The work of Gore Vidal transcends genre and form, inspiring his international and faithful readership through a rich literary career. Known best for his stirring fiction and critically celebrated essays, Vidal also made exciting contributions to both stage and screen in addition to his passionate involvement in American politics. His literary career should not be limited to the controversy that often surrounded his works, but it should be defined by his courageous interrogation of American politics and socio-economical issues.
Eugene Louis Vidal was born in West Point, New York on October 3, 1925. Born and bred amongst a lineage of dedicated American Democrats, Vidal later adopted the name ‘Gore’ as a tribute to Oklahoma Democratic Senator Thomas Gore – his grandfather. The son of a New York City debutante and a first lieutenant of the US Army, Vidal developed a fervent love for literature early on. After a transatlantic education path entailing time spent in France, Gore enlisted at the age of 16 and was deployed for active duty during WWII – an experience that would forever influence his prose.

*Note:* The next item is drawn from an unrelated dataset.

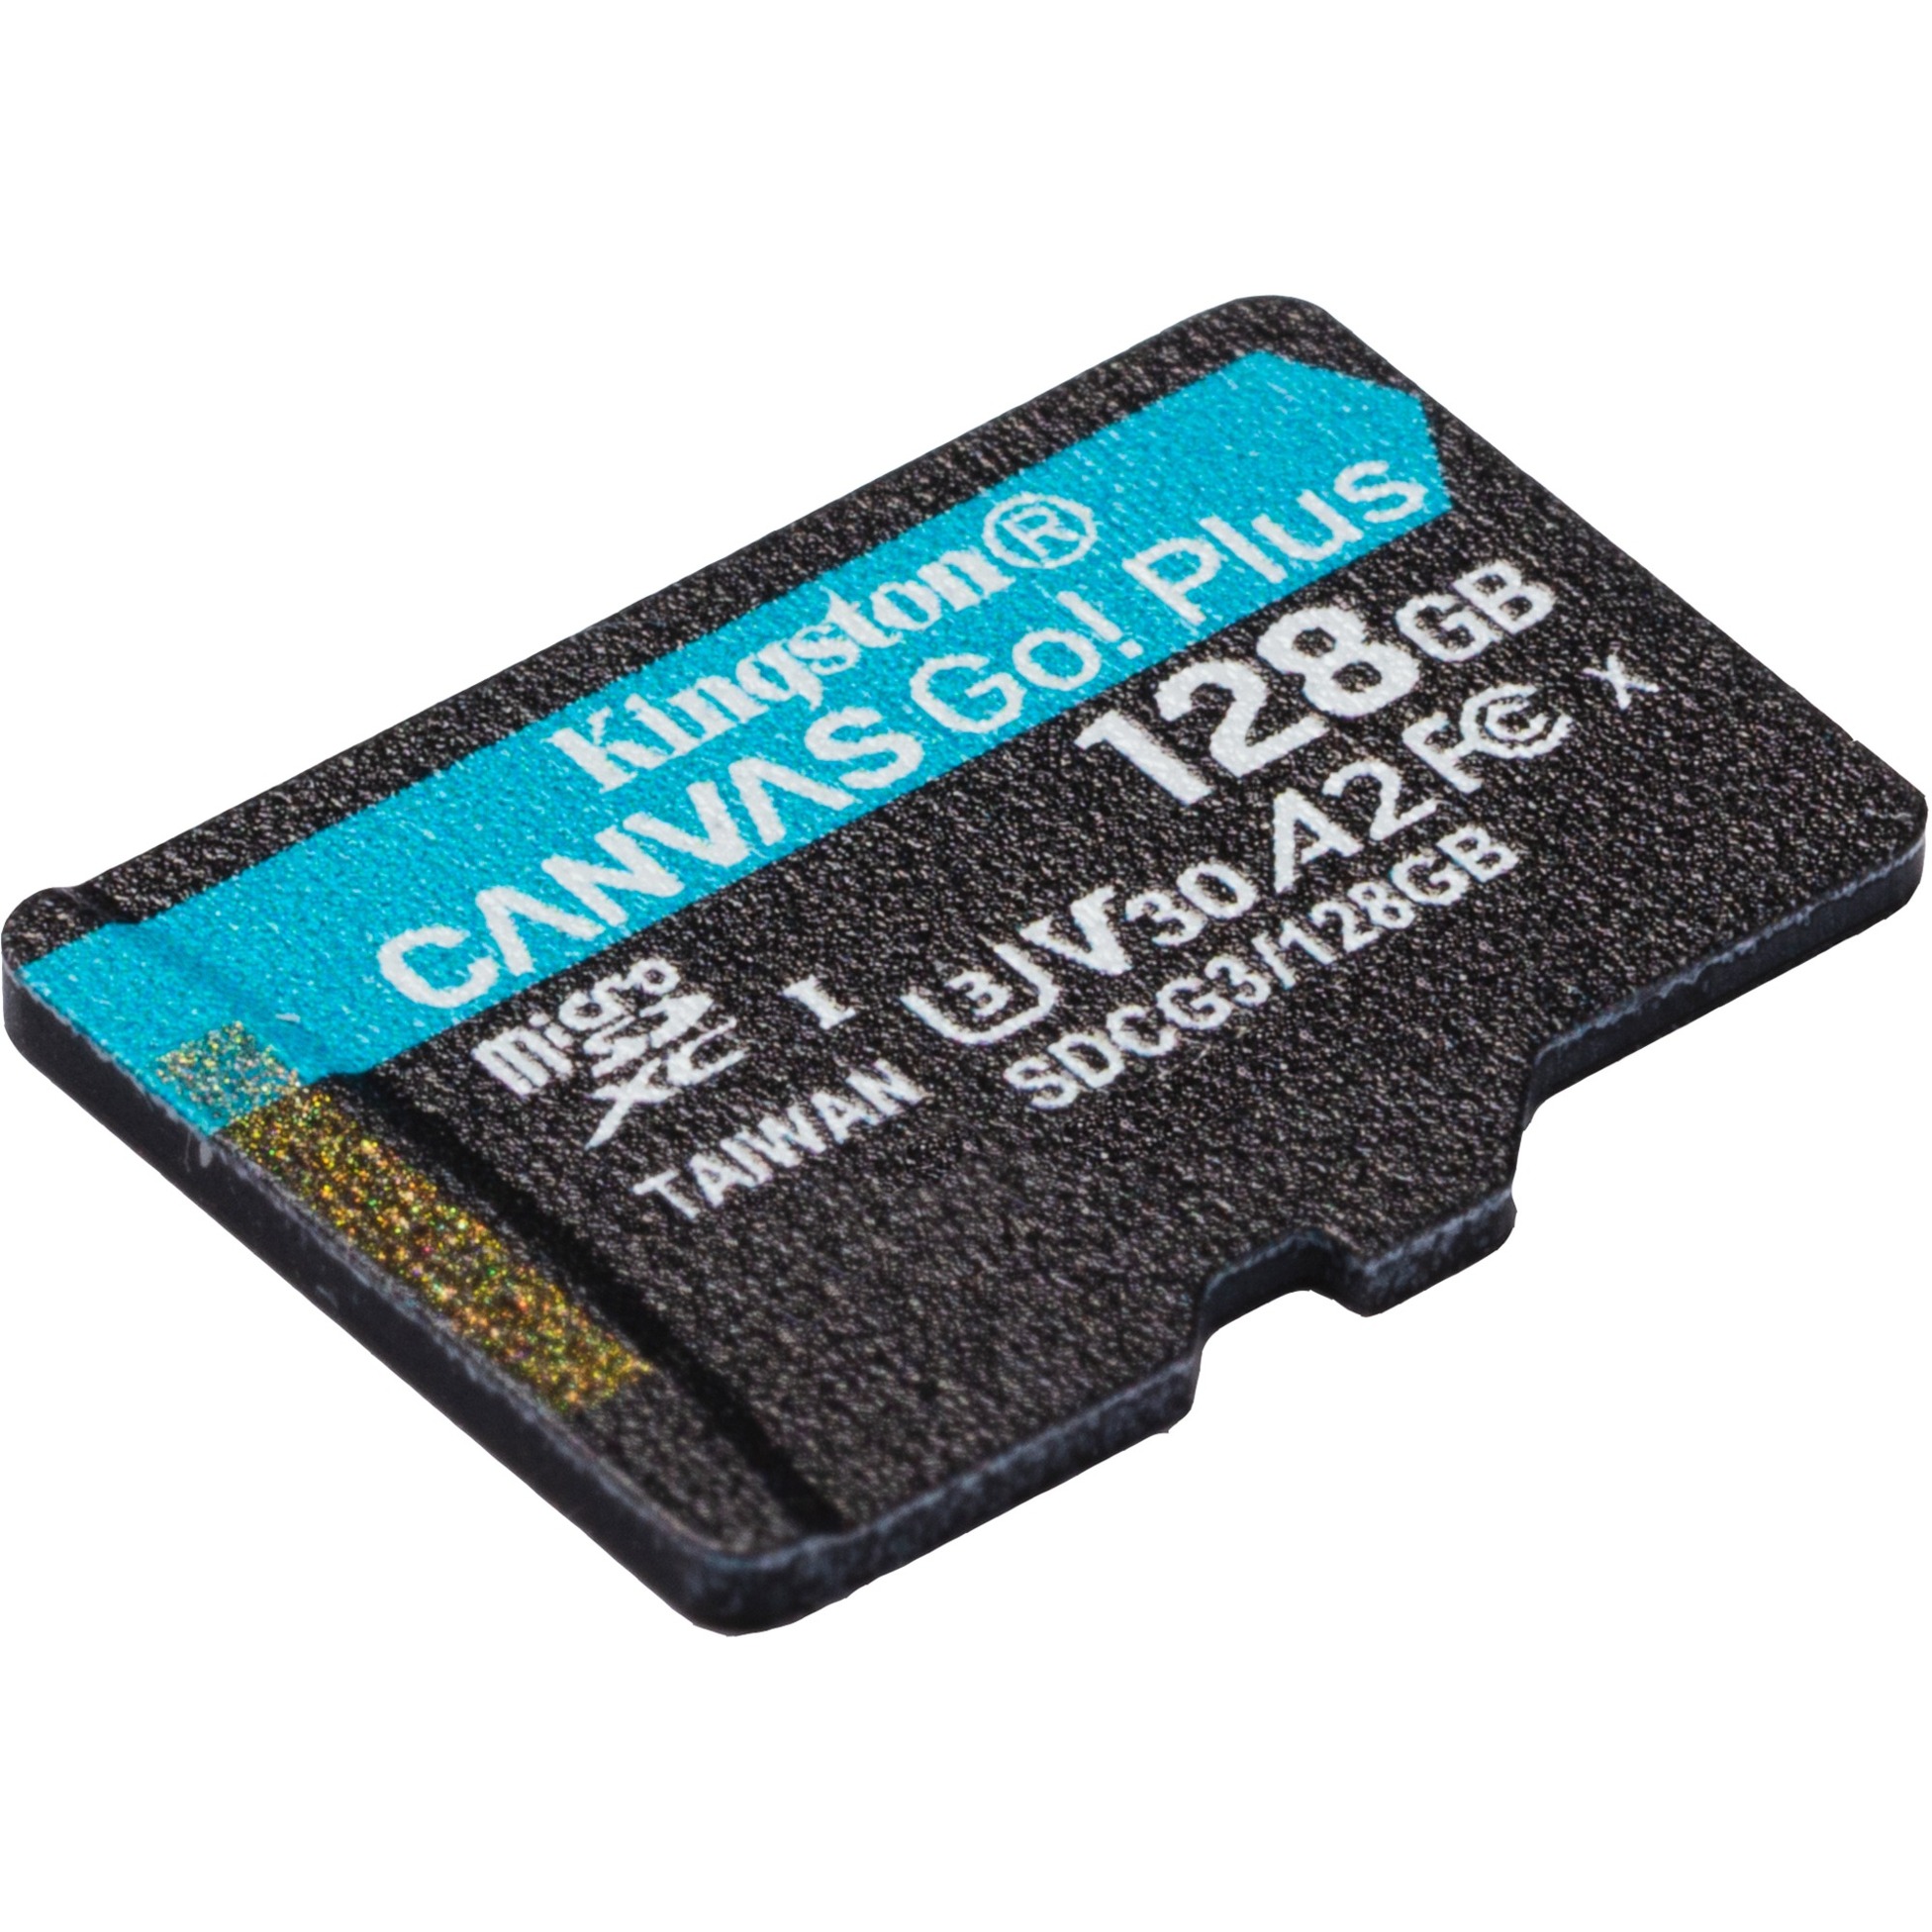 Image of Alternate - Canvas Go! Plus 128 GB microSDXC, Speicherkarte online einkaufen bei Alternate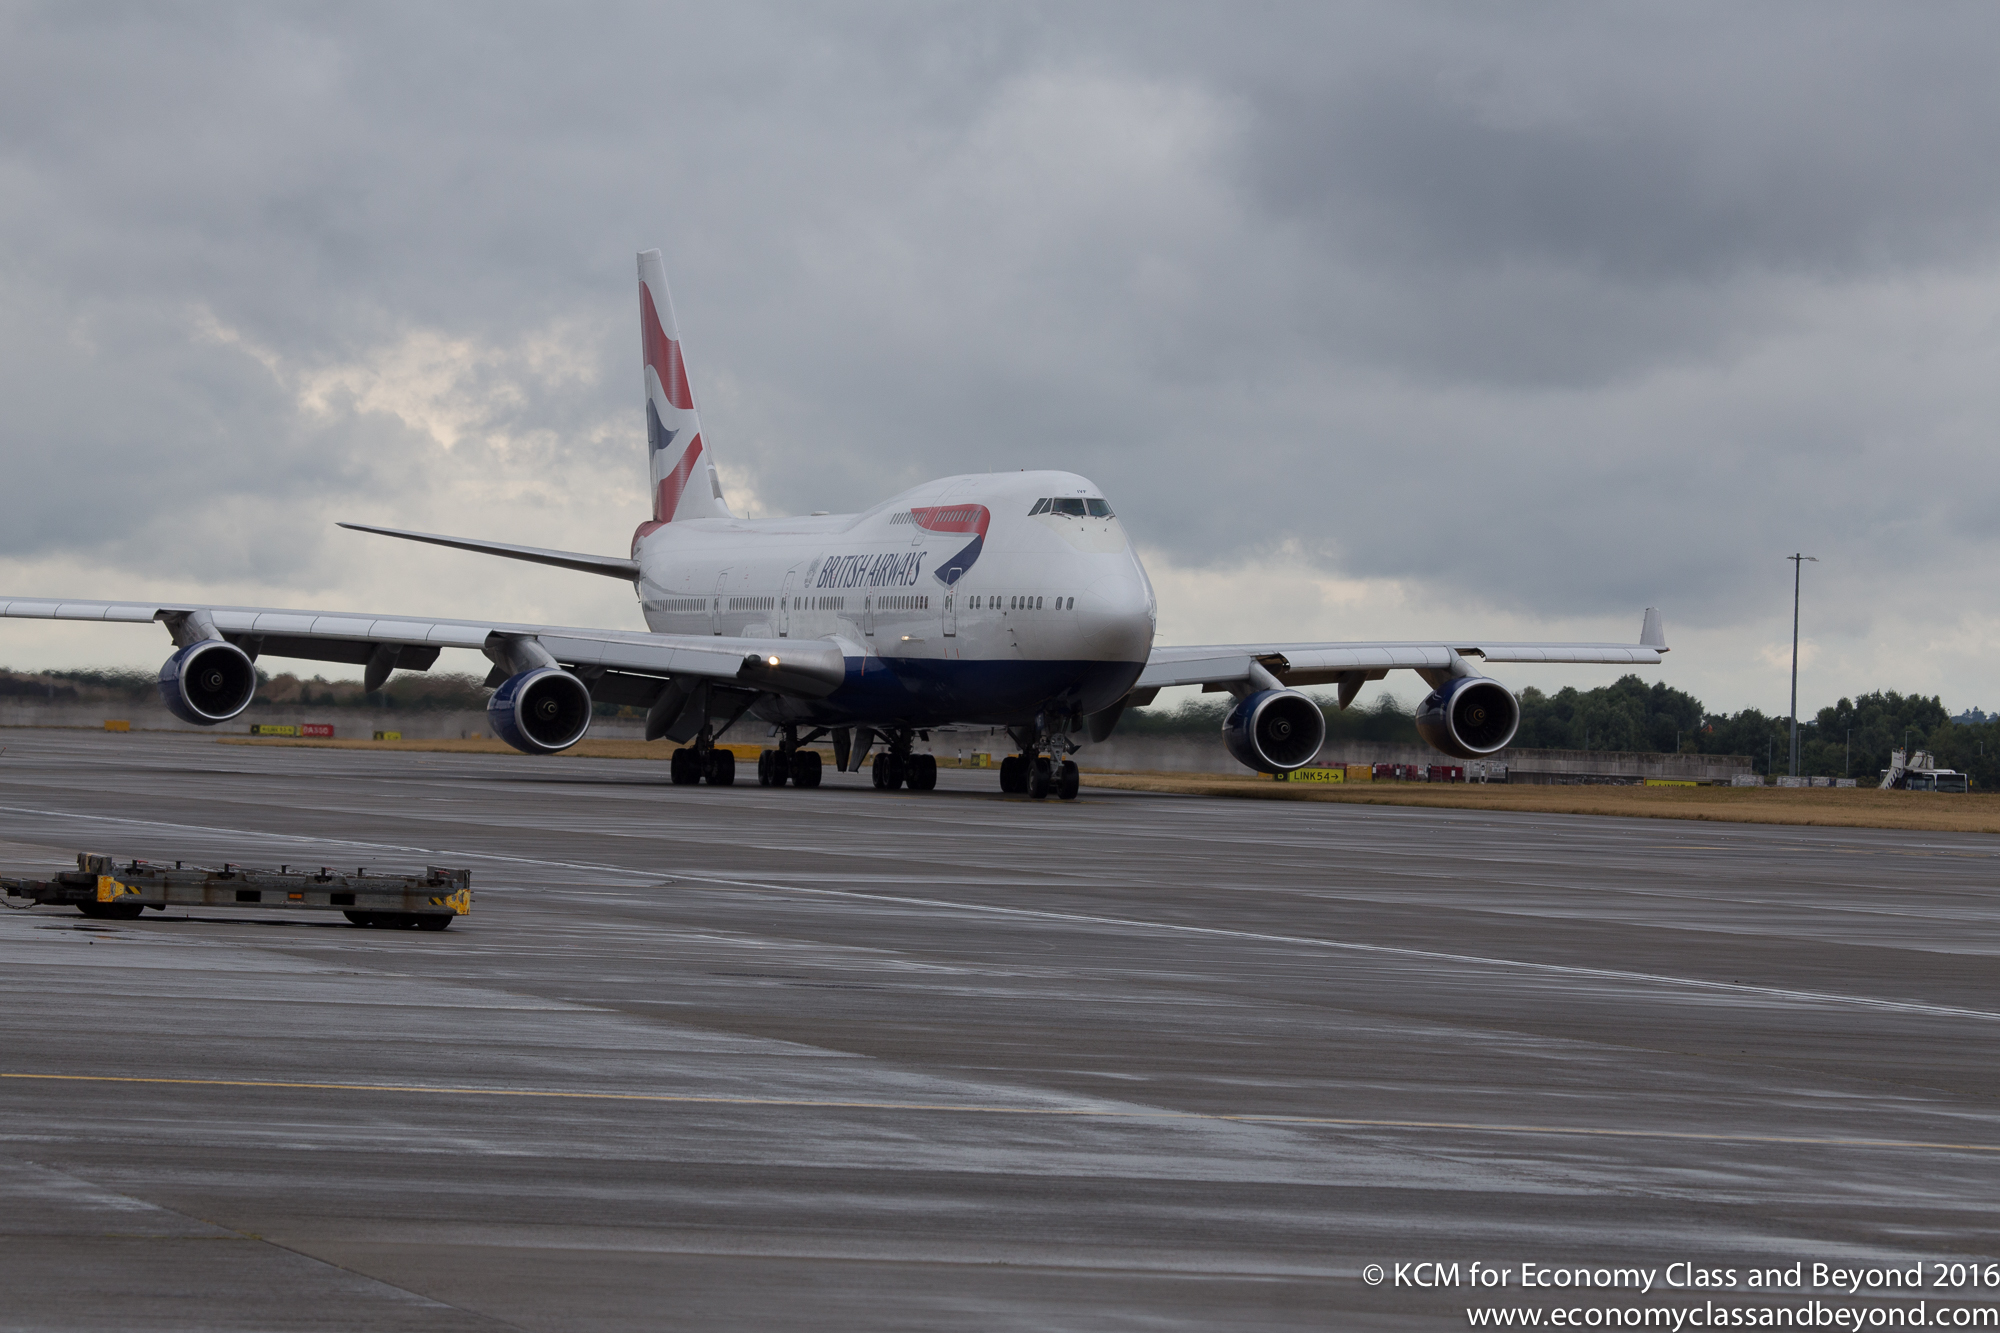 It's that time again - British Airways sale in progress

Upon his return from war, Vidal chronicled his personal war experiences through a fiction book about an enlisted serviceman. Published in 1946, when he was just 19 years old, Williwaw marked Vidal’s debut fictional career. Its follow-up, The City and the Pillar, published in 1948, was as equally controversial as it was revolutionary in its portrayal of a homosexual man living in a post-WWII conservative America. Violent attacks disguised as book reviews forced Vidal to adopt the nom de plume ‘Edgar Box’ for his next literary endeavour, a series of thriller and mystery novels. But in the mid 1950s, Vidal went back to writing under his real name. He also began working in Hollywood as an illustrious screenwriter for Metro Goldwyn Mayer. Screenplays were soon followed by stage scripts that were produced in the late 1960s, (Weekend) and early 1970s (An Evening with Richard Nixon).
But the best of Vidal was still to come. Vidal established himself as a truly accomplished writer with the publication of highly celebrated essays featuring meticulous commentaries on American politics and history, in addition to thorough explorations of sexuality, gender and popular culture. His essays, memoir and non-fiction volumes tally nearly thirty – including the collections Rocking the Boat (1963), Matters of Fact and Fiction (1977), Armageddon? (1987), Decline and Fall of the American Empire (1992) and Gore Vidal: Snapshots in History’s Glare (2009). As a gifted craftsman, his effortless transition between, and fusion of, fact to fiction earned him critical praise and an ever expanding devoted readership.
When exploring the sheer longevity of Vidal’s rich literary legacy, it is perhaps Narratives of the Empire that remains a true anchor of the author’s canon. Written over an almost 30-year period, Vidal’s masterpiece is an epic seven novel series featuring various key figures in American politics. The series includes some of his most celebrated works such as Burr (1973), Washington D.C. (1967), 1876 (1976), Lincoln (1984), Empire (1987), Hollywood (1990) and The Golden Age (2000) – although they were not published according to their historical chronology (Vidal was insistent that reading the series non-sequentially would not compromise their narrative clarity).
With a career as productive as critically celebrated, Gore Vidal should be remembered as an author who never became a victim of tradition and establishment. In fact, Vidal did not seek to be the literary voice of a nation, but strived to write as honestly as he could. Perhaps it is one of his famous quotes that best sums up his career: concluding his 1974 interview with The Paris Review, Vidal said: ‘Strange business, all in all. One never gets to the end of it. That’s why I go on, I suppose. To see what the next sentences I write will be.’